First, do as much of the carving as you can. Then, check the moisture content [I suspect that the wood is dryer than you think.] If it is fairly dry, then toss it in the crick for a while [a couple of weeks] and see how much it swells up.

As the tree has been dead for a while with no sign of rot, I suspect the sap [which is what rot fungi love the most] is mostly out of the lignin. This means that what is left should be fairly light until you resaturate with water.

If the check is fairly small, under 1/4 inch, carefully install a stop [driven dowel coated with epoxy] about 6 inches past each end of the check. Your next step will depend upon how long the check is. If it is under a foot or so, let the boat dry for a week or so to allow the seam to expand slightly, clean it of loose fibers, caulk it with cotton and roofing cement an go boating. If it is much bigger than that, you will have to install "floors," supporting ribs which maintain the relationship between both sides of the structure. You can then fill the check with a putty of epoxy and wood powder. [You can use sanding dust for this application but the finer the dust, the better.]
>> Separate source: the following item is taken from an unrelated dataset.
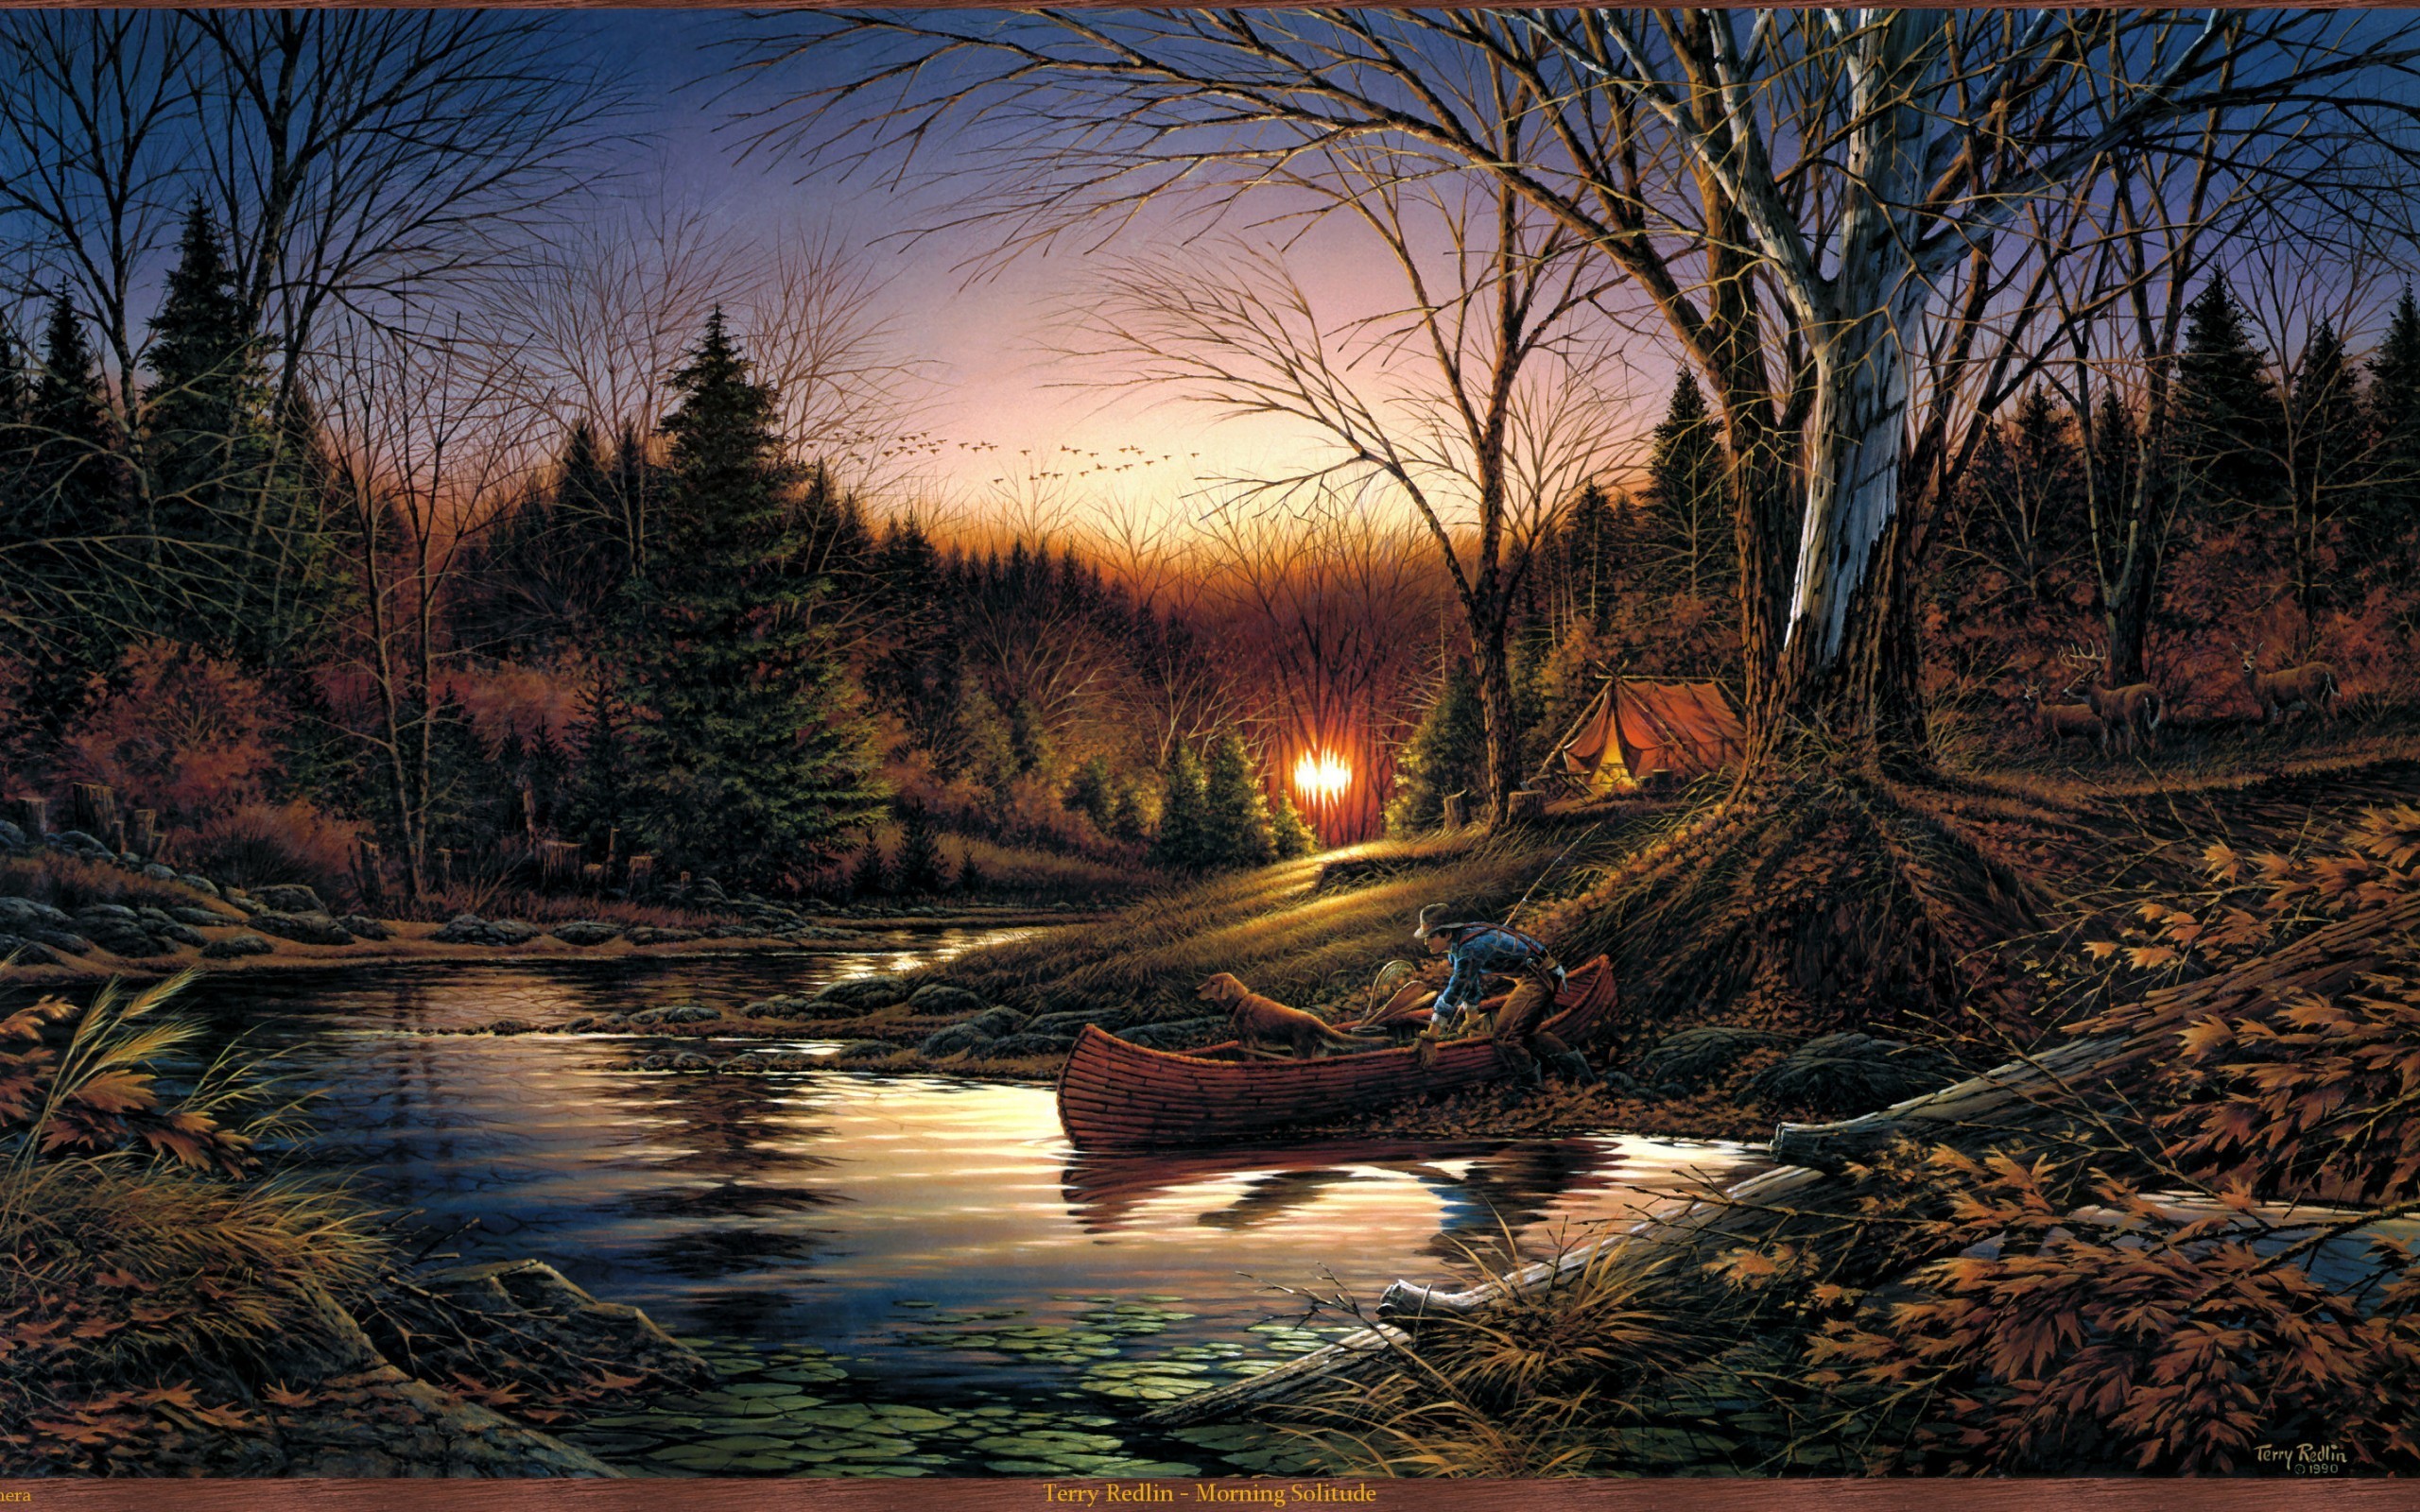 картина, осеннее утро, восход солнца, лес, озеро, палатка, человек, лодка, собака, живопись, Picture, autumn morning, sunrise, forest, lake, tent, man, boat, dog, painting

Once you have made the hull solid, you can decide whether you need a ballast keel for the boat. Small sailboats, including canoes, do not need a ballast keel. I teach sailing in canoes and all we use is a leeboard. Never had a student get dunked yet. ah hu, ah hu.

If you find that the check does not go all the way through, you can fill it with a mixture of sawdust and beeswax unless you are in a part of the country where the beeswax will liquefy.